In the song of the Lord, the Gita, the poet-seer, V yasa has brought the Vaidika truths from the sequestered Himalayan caves into the active fields of political life and into the confusing tension of an imminent fratricidal war. Under the stress of some psychological maladjustments Arjuna’s mental equipoise was shattered and he lost his capacity to act with true discrimination. Lord Krsna takes in hand that neurotic mind of Arjuna for a Hindu treatment with Vaidika truths.
Mind is man. As the mind so is the individual. If the mind is disturbed the individual is disturbed. If the mind is good the individual is good. This mind for purposes of our study and understanding may be considered as constituted of two distinct sides - one facing the world of stimuli that reach it from the objects of the world, and the other facing ‘within’ which reacts to the stimuli received. The outer mind facing the object is called the objective mind (manas) and the inner mind is called the subjective mind (buddhi).
That individual is whole and healthy in whom the objective and subjective aspects of the mind work in unison with each other and in moments of doubt the objective mind readily comes under the disciplining influence of the subjective mind. But unfortunately except for a rare few the majority of us have minds that are split. This split between the subjective and the objective aspects of our mind is primarily created by the layer of egoistic desires in the individual. The greater the distance between these two phases of the mind the greater the inner confusion in the individual and the greater the egoism and low desires which the individual comes to exhibit in life.
At each moment man meets with different patterns of these stimuli and thus constantly gathers new impressions (vasanas) in the subjective mind. Every set of impulses reaching it not only adds to the existing layers of impressions already in it but also gets coloured by the quality of these vasanas hoarded within. When they are translated into action, the actions carry a flavour of the existing vasanas in the subjective mind.

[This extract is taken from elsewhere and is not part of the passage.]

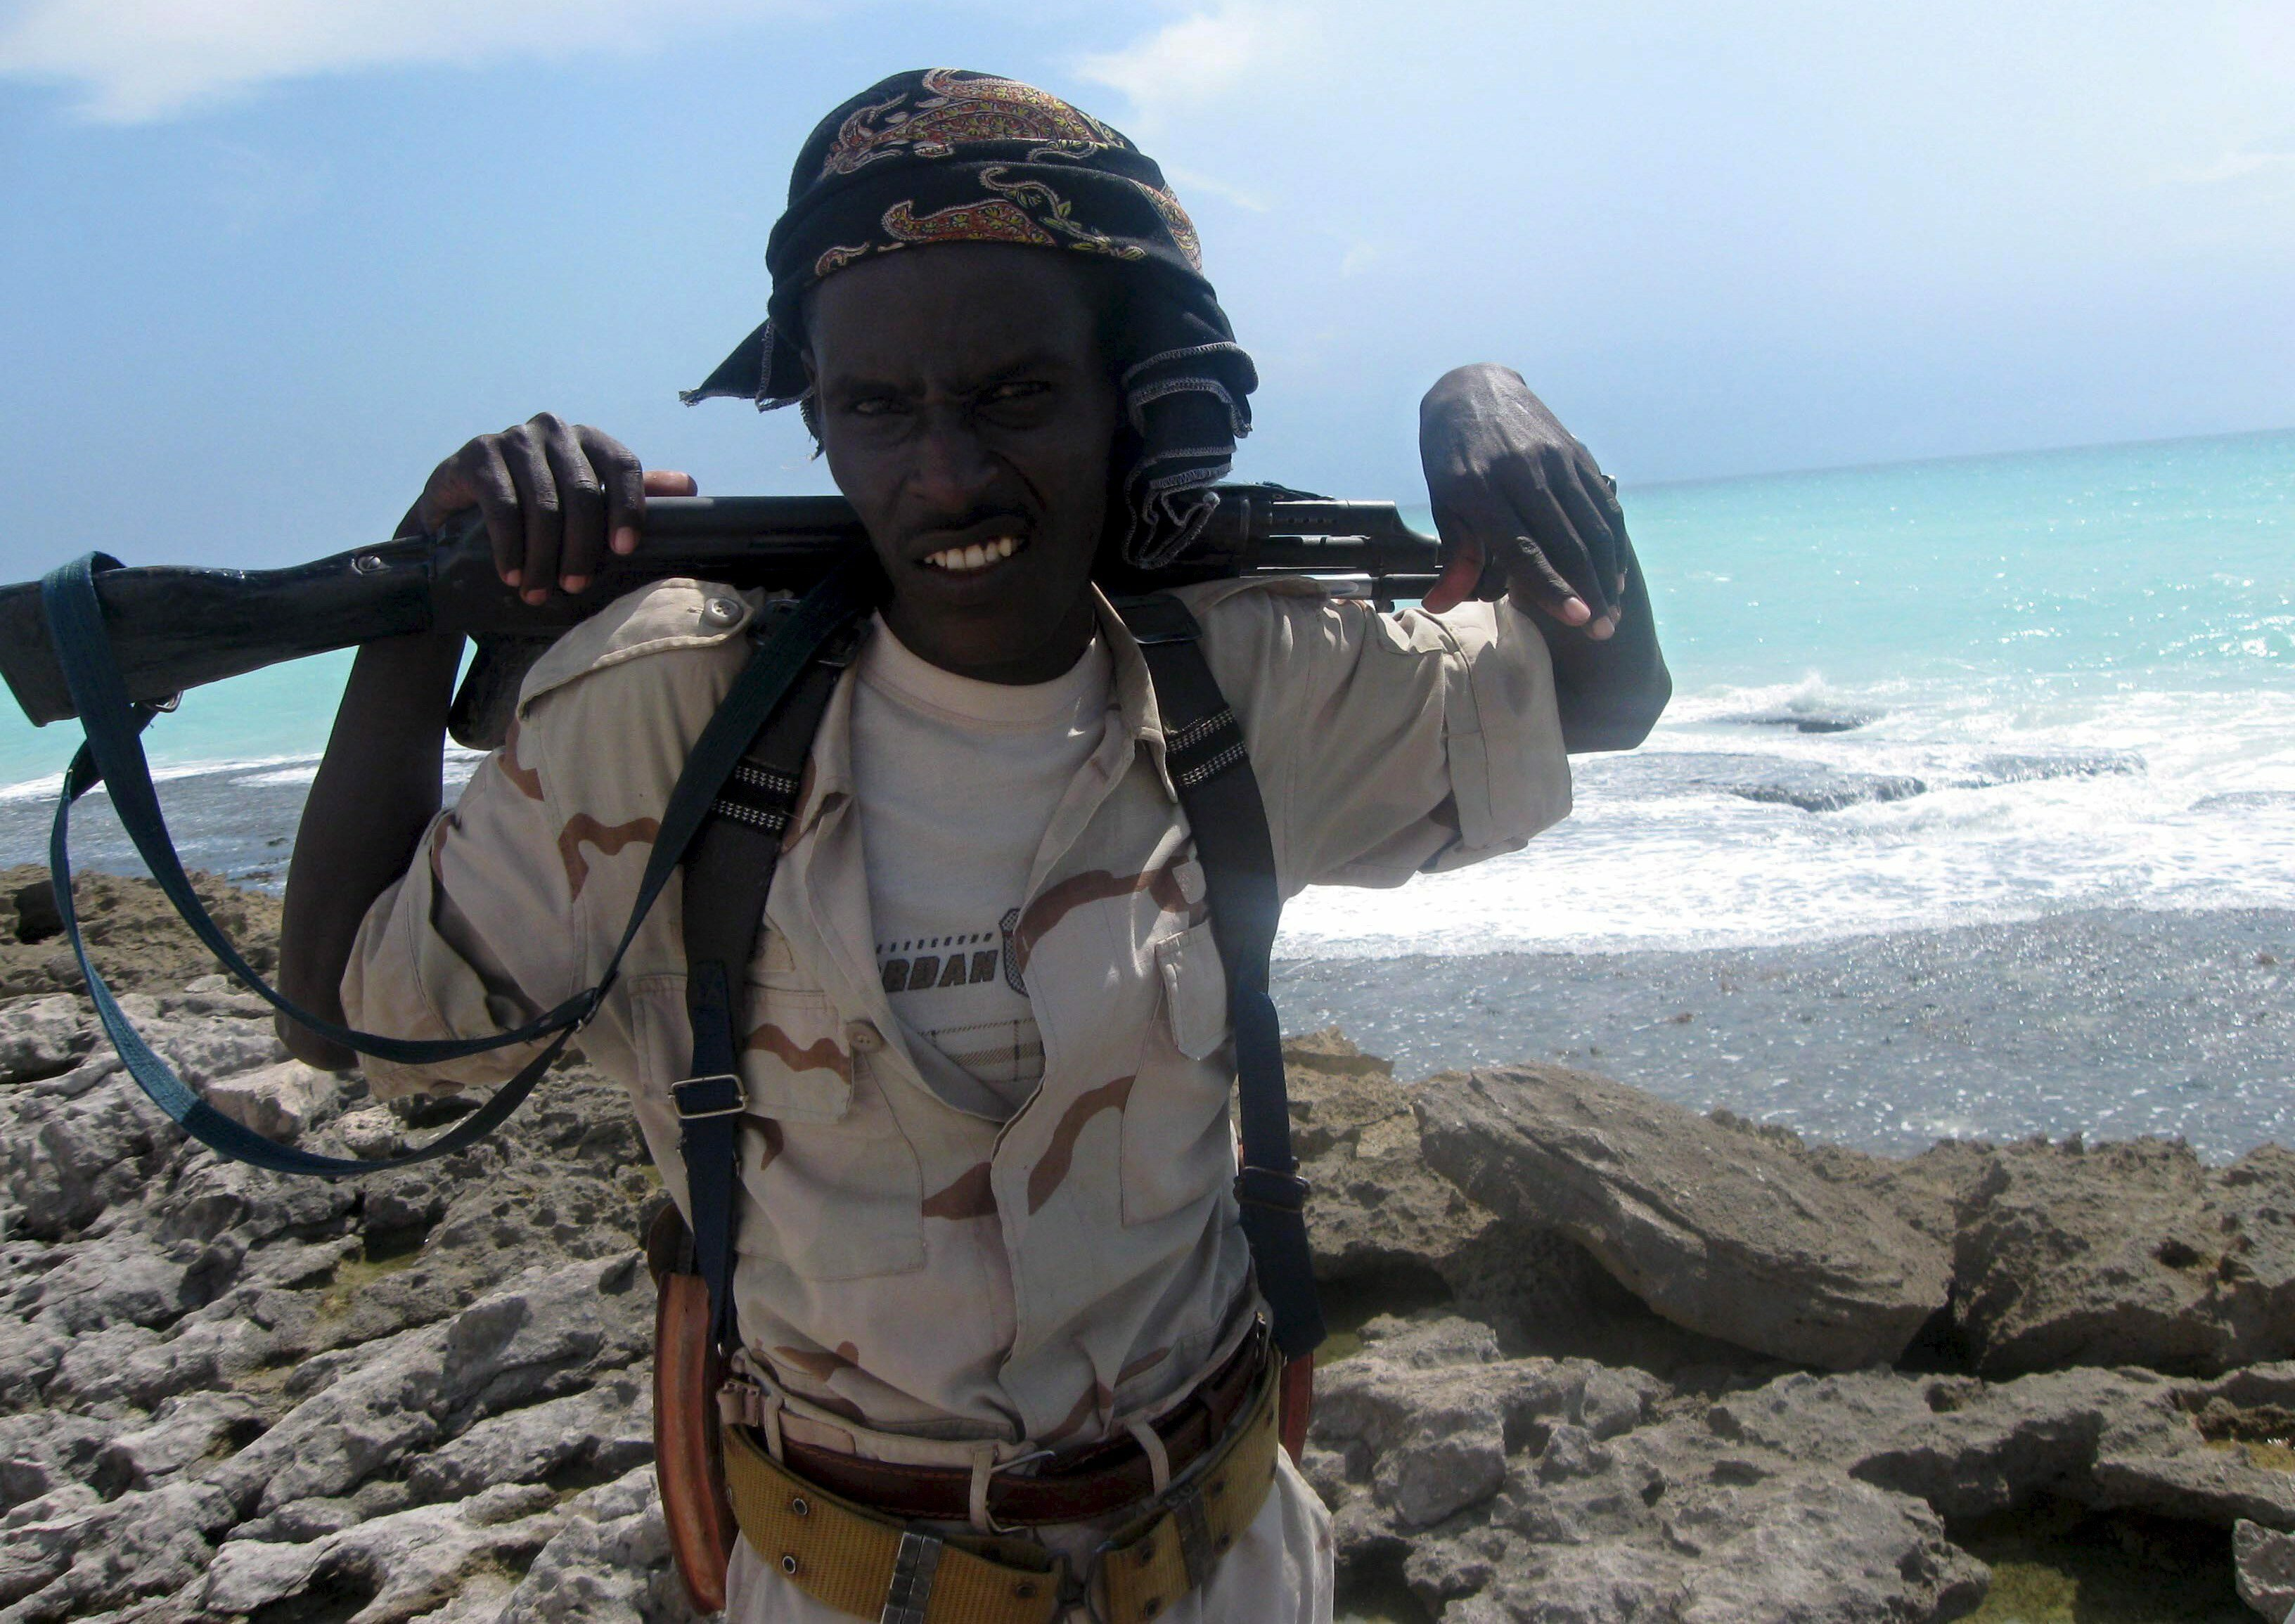 SOMALIA PIRACY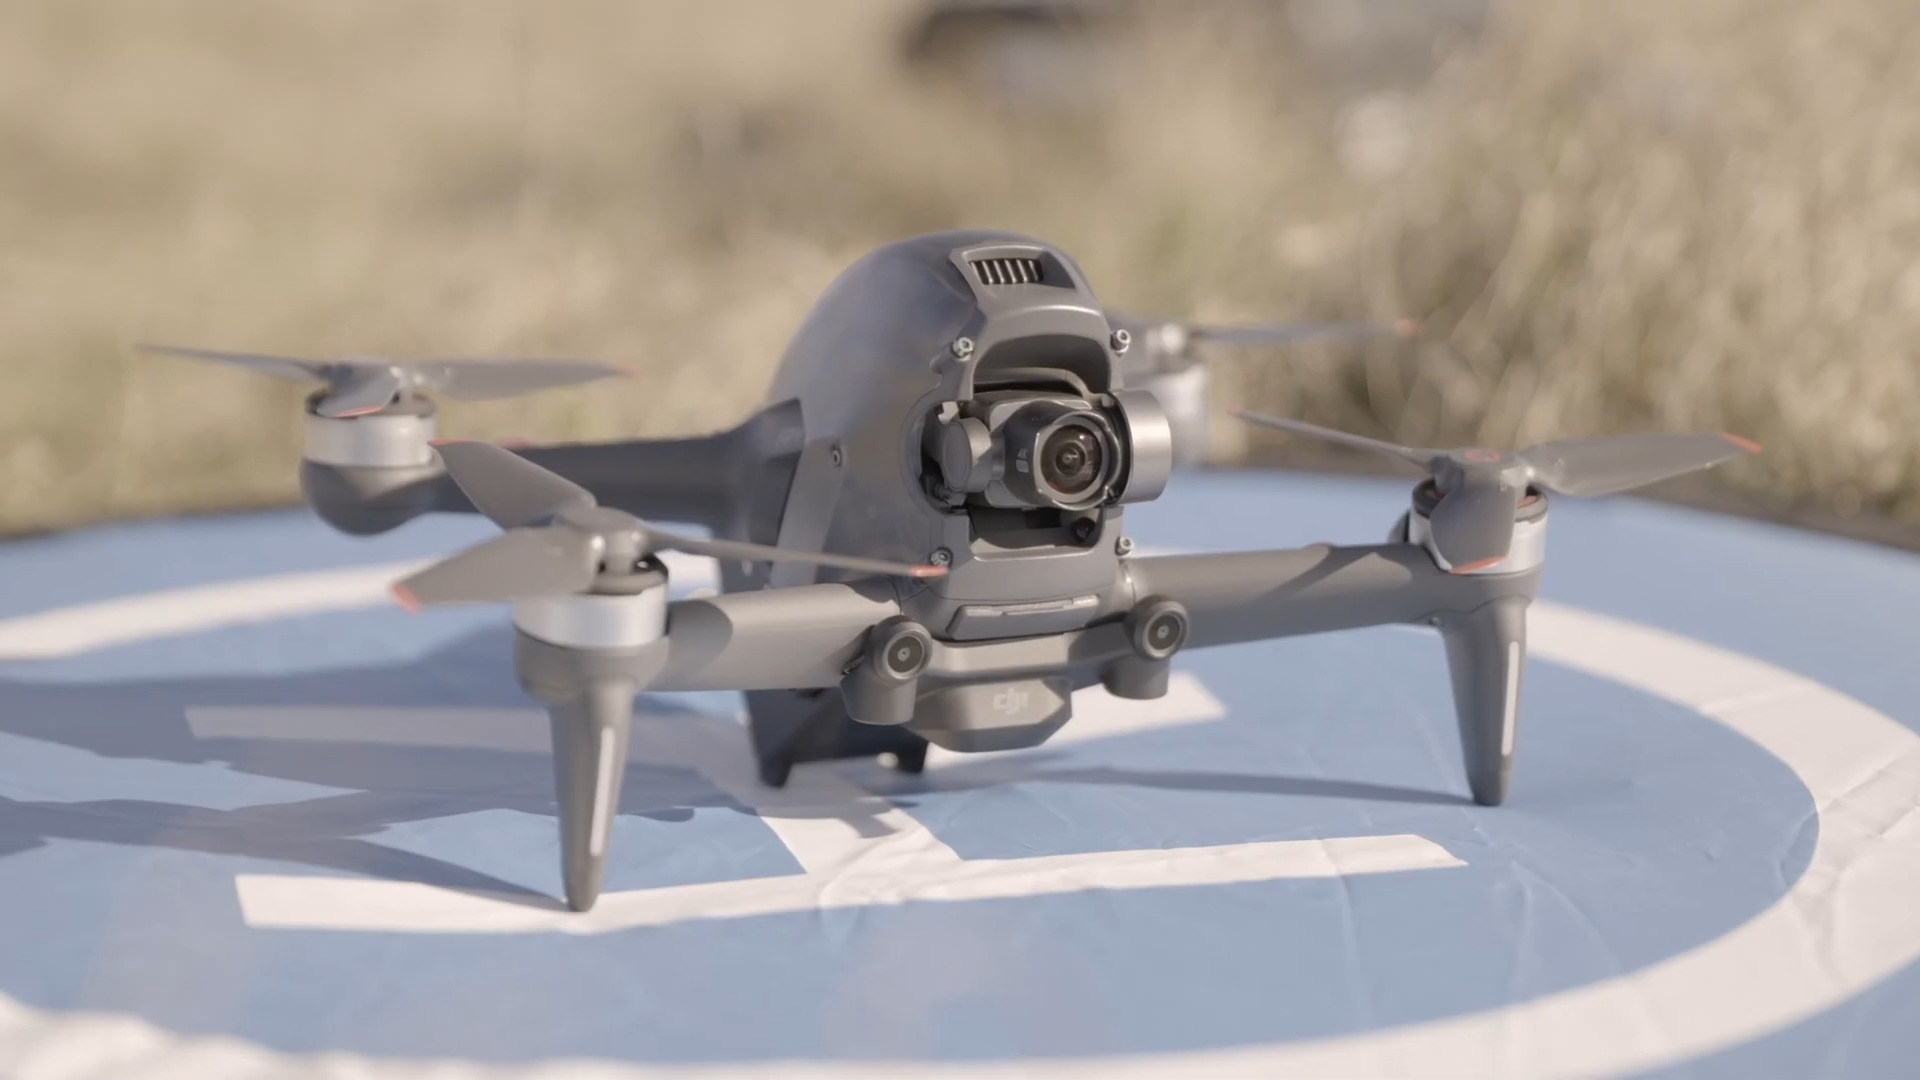 Test, Drohne, NewGadgets, Johannes Knapp, Unboxing, DJI, Quadrocopter, DJI FPV, Renndrohne, FPV-Brille

All of us live constantly meeting with a variety of experiences and at each incident we perceive, react with the perceived, and come to act in the outer field. In this process we unwittingly come to hoard in ourselves more and more dirt of new impressions. The subjective mind gets increasingly granulated by the overlapping signatures of our own past moments. These granulations make the subjective mind dull and opaque. They form an impregnable wall between ourselves and the spiritual divinity that shines eternally as pure Consciousness deep within the core of our personality.
The theory of Vedanta repeats that reduction of vasanas is the means of releasing the energy of the mind. Similarly, man is not aware today of his divine spiritual nature because the subjective mind reflecting it is thickly coated with dull vasanas gathered by it during its egocentric, passionate existence in the world.